The Pope’s message read in part; “Those living in poverty must also be involved and accompanied in a process of change and responsibility. “In addition, we must once more acknowledge new forms of poverty, as well as those described earlier. I think in particular of peoples caught up in situations of war, and especially children deprived of the serene present and a dignified future. We should never grow accustomed to such situations. Let us persevere in every effort to foster peace as a gift of the risen Lord and the fruit of a commitment to justice and dialogue. “Nor can we ignore those forms of speculation in various sectors, which have led to dramatic price increases that further impoverish many families. Earnings are quickly spent, forcing sacrifices that compromise the dignity of every person. If a family has to choose between food for nourishment and medical care, then we need to pay attention to the voices of those who uphold the right to both goods in the name of the dignity of the human person.” His Holiness also pointed to the way poverty is exacerbated by inhumane working conditions, inadequate pay, the “scourge” of job insecurity and by workplace accidents resulting in death. In his words, “Then too how can we fail to note the ethical confusion present in the world of labour? The inhumane treatment meted out to many male and female labourers; inadequate pay for work done; the scourge of job insecurity; the excessive number of accident-related deaths, often the result of a mentality that chooses quick profit over a secure workplace… We are reminded of the insistence of Saint John Paul II that “the primary basis of the value of work is man himself… However true it may be that man is destined for work and called to it, in the first place, work is ‘for man’ and not man ‘for work.” Young people, he recounted, are also afflicted by a cultural poverty that destroys their selfworth and leads to frustration and even suicide.

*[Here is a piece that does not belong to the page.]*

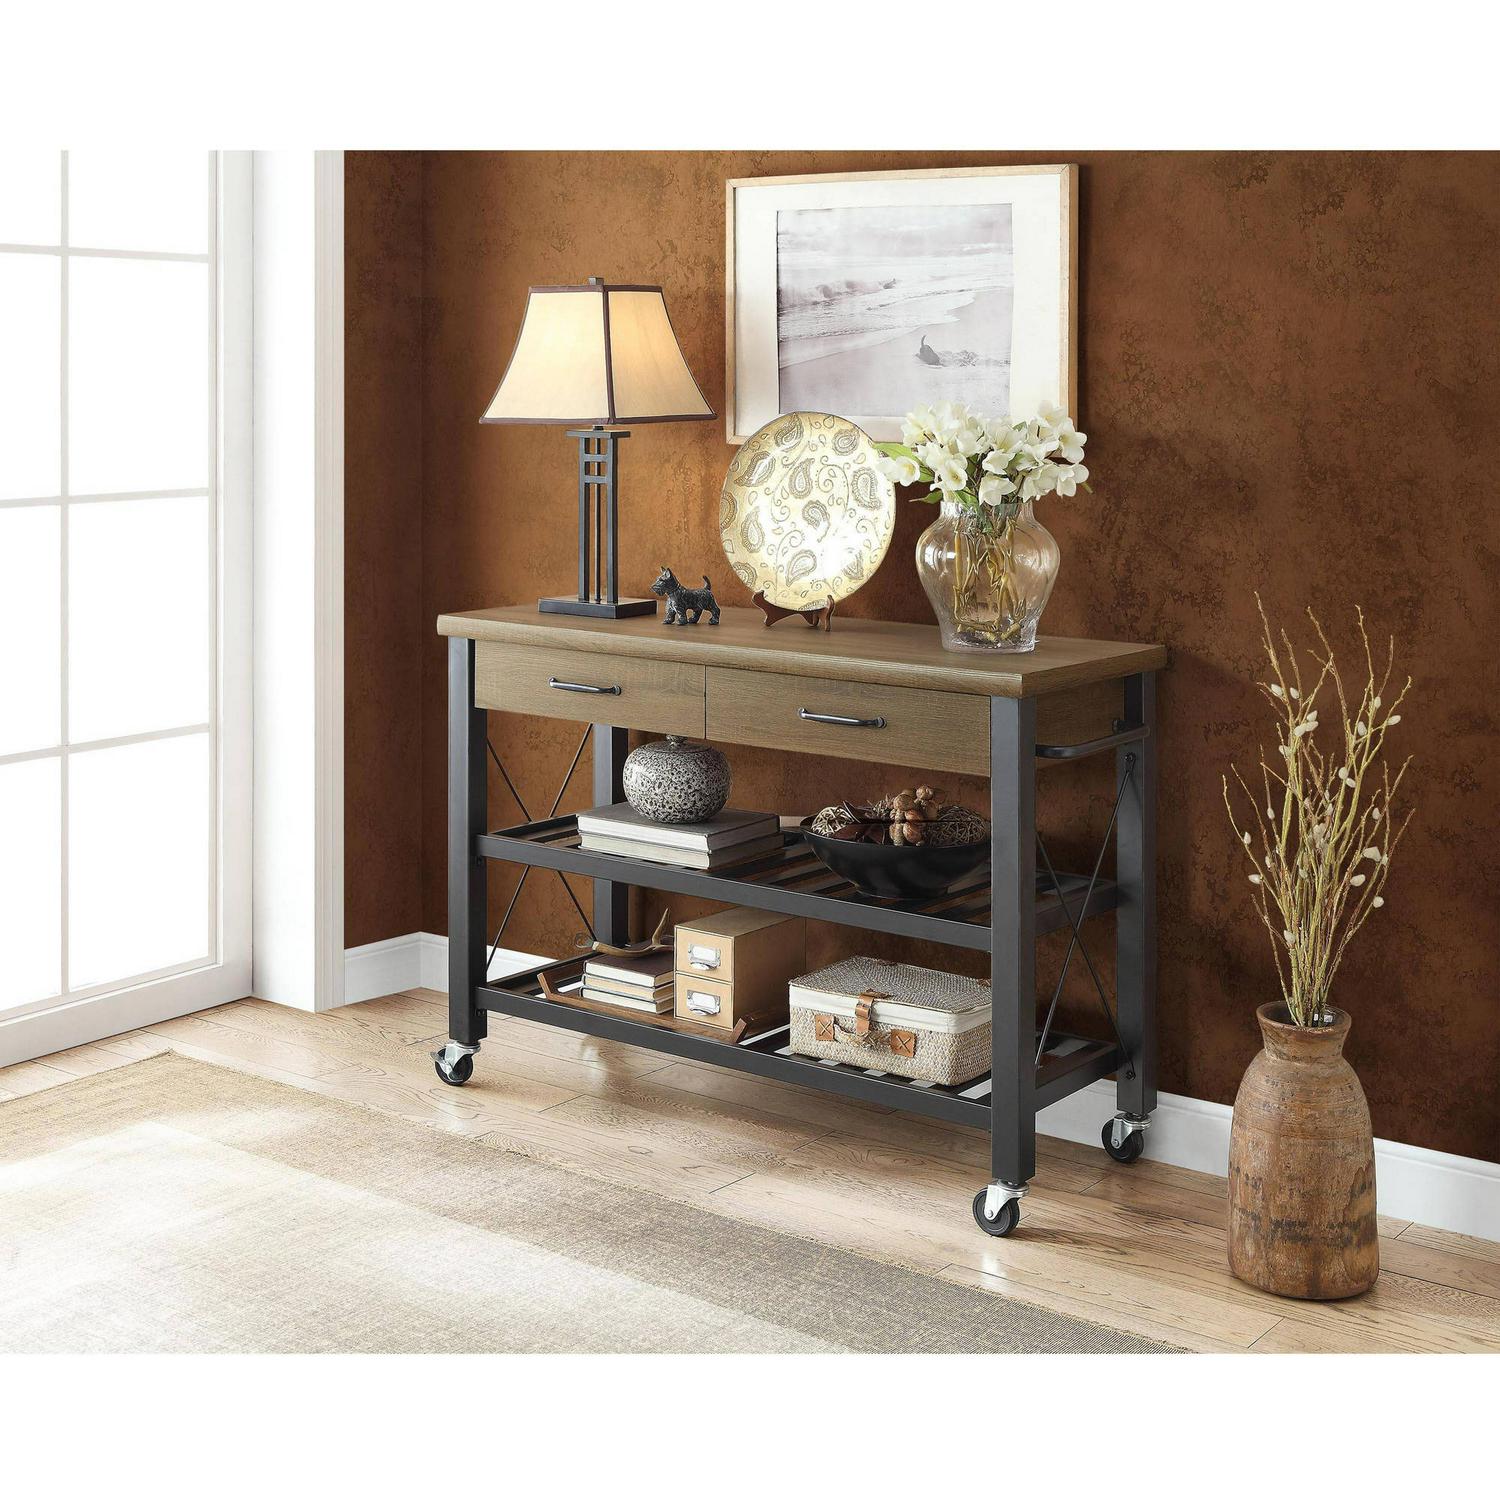 Whalen Santa Fe Kitchen Cart with Metal Shelves and TV Stand Feature

“This list, deeply troubling in itself, only partially accounts for the situations of poverty that are now part of our daily lives. I cannot fail to mention in particular an increasingly evident form of poverty that affects young people. How much frustration and how many suicides are being caused by the illusions created by a culture that leads young people to think that they are “losers”, “good for nothing.” Let us help them react to these malign influences and find ways to help them grow into self-assured and generous men and women,” Pope Francis wrote. He urged people not to fall into “rhetorical excess” or merely consider statistics when speaking of the poor, but to remember that “The poor are persons; they have faces, stories, hearts and souls. They are our brothers and sisters, with good points and bad, like all of us, and it is important to enter into a personal relation with each of them.” “Caring for the poor is more than simply a matter of a hasty hand-out,” Pope Francis stated, it calls for reestablishing the just interpersonal relationships that poverty harms.” “In this way, “not turning our face away from anyone who is poor” leads us to enjoy the benefits of mercy and charity that give meaning and value to our entire Christian life.” Calling for a care for the poor marked by “Gospel realism,” the pope invited Christians to discern the genuine needs of the poor rather than their own personal hopes and aspirations. “What the poor need is certainly our humanity, our hearts open to love,” he emphasised. On a final note the Pontiff said, “Let us never forget that “we are called to find Christ in them, to lend our voice to their causes, but also to be their friends, to listen to them, to speak for them and to embrace the mysterious wisdom which God wishes to share with us through them.” Faith teaches us that every poor person is a son or daughter of God and that Christ is present in them.”